A handy cheatsheet on tools for model evaluation. Briefly explains key concepts, and ends up with Powerful GridSearch tool, providing code snippets.

The cheatsheet includes:

Dummy Classifiers

Confusion Matrices - example of binary confusion matrices

Evaluating Binary-Classification Models

  • Metrics - metrics explained
  • AUC - useful extra metric

Evaluating MultiClassification Models

Meet the Grid Searh! - the essense of this cheatsheet

Dummy Classifiers

Dummy classifiers completely ignore data. Used for performance comparison with real models. The idea is to get better scoring than that of a dummy.

Types of dummy classifiers:

  • most_frequent - always predicts most frequent label
  • stratified - random predictions based on data distribution of initial dataset
  • uniform - generates prediction uniformly
  • constant - predicts user-provided label (can be applicable for F1 score evaluation)
from sklearn.dummy import DummyClassifier

# Negative class (0) is most frequent
dummy_majority = DummyClassifier(strategy = 'most_frequent').fit(X_train, y_train)
# Therefore the dummy 'most_frequent' classifier always predicts class 0
y_dummy_predictions = dummy_majority.predict(X_test)

y_dummy_predictions
dummy_majority.score(X_test, y_test)
svm = SVC(kernel='linear', C=1).fit(X_train, y_train)
svm.score(X_test, y_test)

Confusion Matrices

Provide insight via a visual on True Negative, True Positive, False Negative, False Positive distribution.
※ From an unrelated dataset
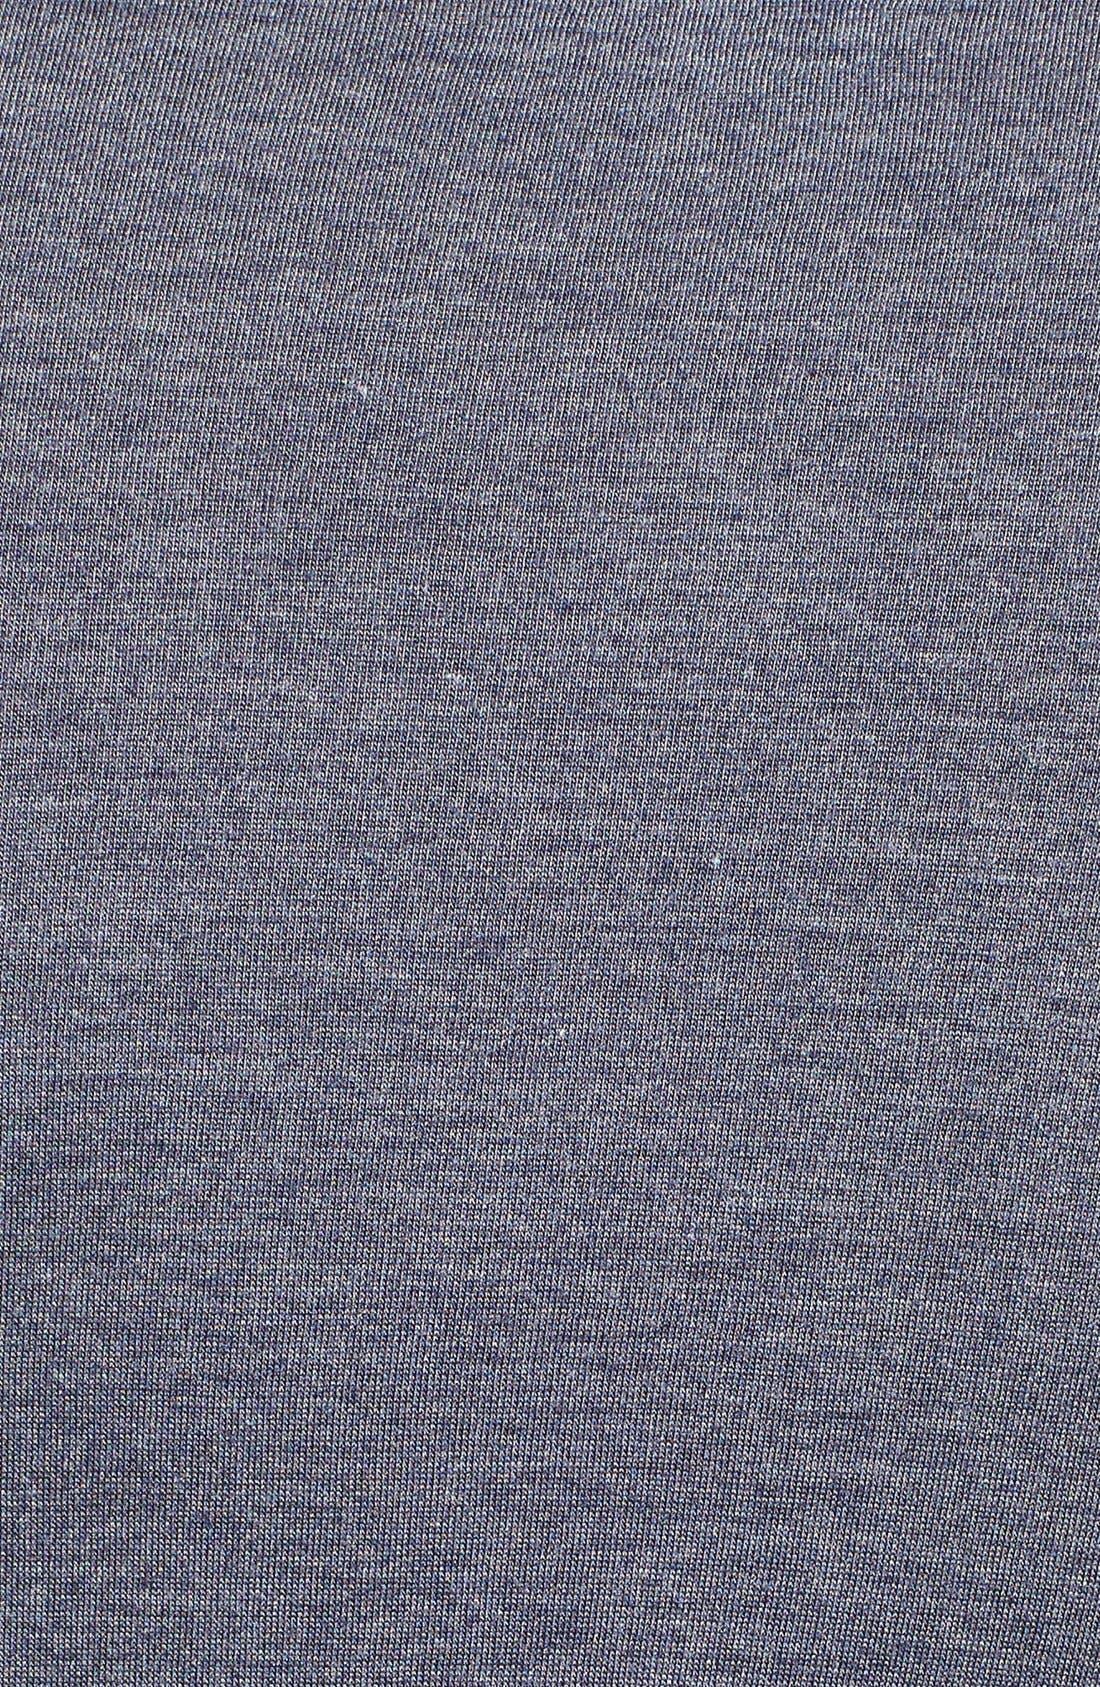 Alternate Image 5  - Calvin Klein 'Liquid Lounge' V-Neck T-Shirt
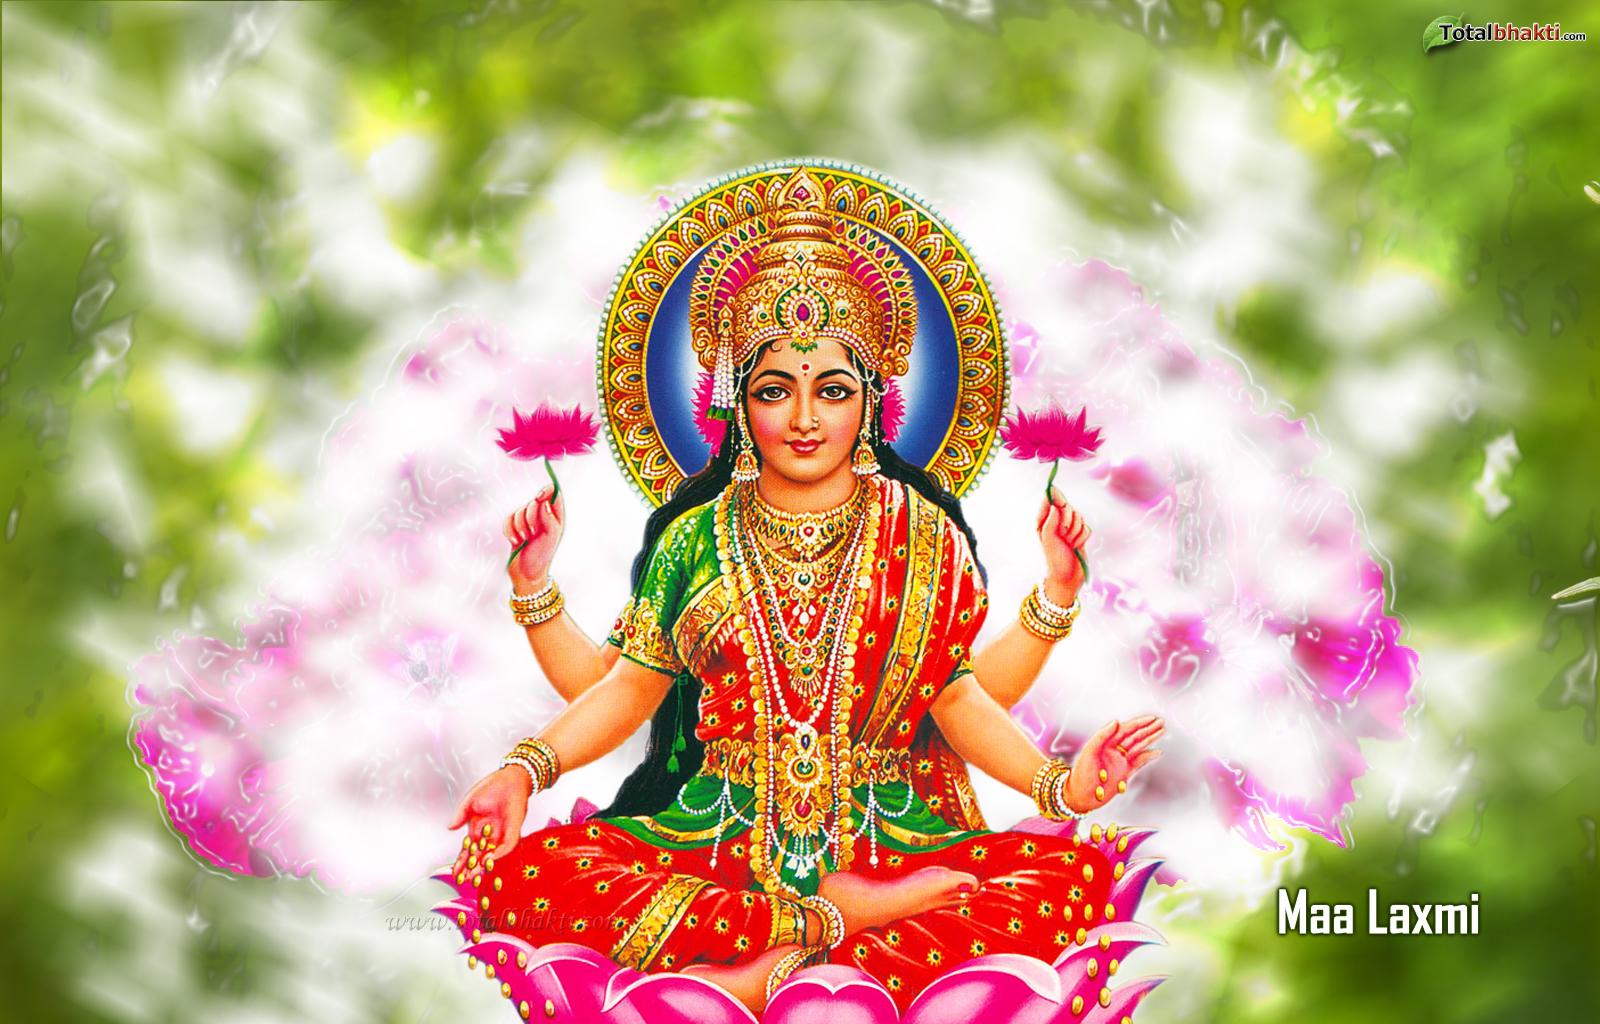 Vadapalli Lakshmi Sannidhi-Narasimha Swami Temple-Vadapalli

# Confusion matrix with dummy classifier

from sklearn.metrics import confusion_matrix

# Negative class (0) is most frequent
dummy_majority = DummyClassifier(strategy = 'most_frequent').fit(X_train, y_train)
y_majority_predicted = dummy_majority.predict(X_test)
confusion = confusion_matrix(y_test, y_majority_predicted)

print('Most frequent class (dummy classifier)\n', confusion)
# Confusion matrix with SVC

svm = SVC(kernel='linear', C=1).fit(X_train, y_train)
svm_predicted = svm.predict(X_test)
confusion = confusion_matrix(y_test, svm_predicted)

print('Support vector machine classifier (linear kernel, C=1)\n', confusion)

Evaluating Binary-Classification Models

Metrics

Sometimes performance of the model can be evaluated not only accuracy-wise. But various metrics can be taken into consideration or chosen as primary, according to business goals.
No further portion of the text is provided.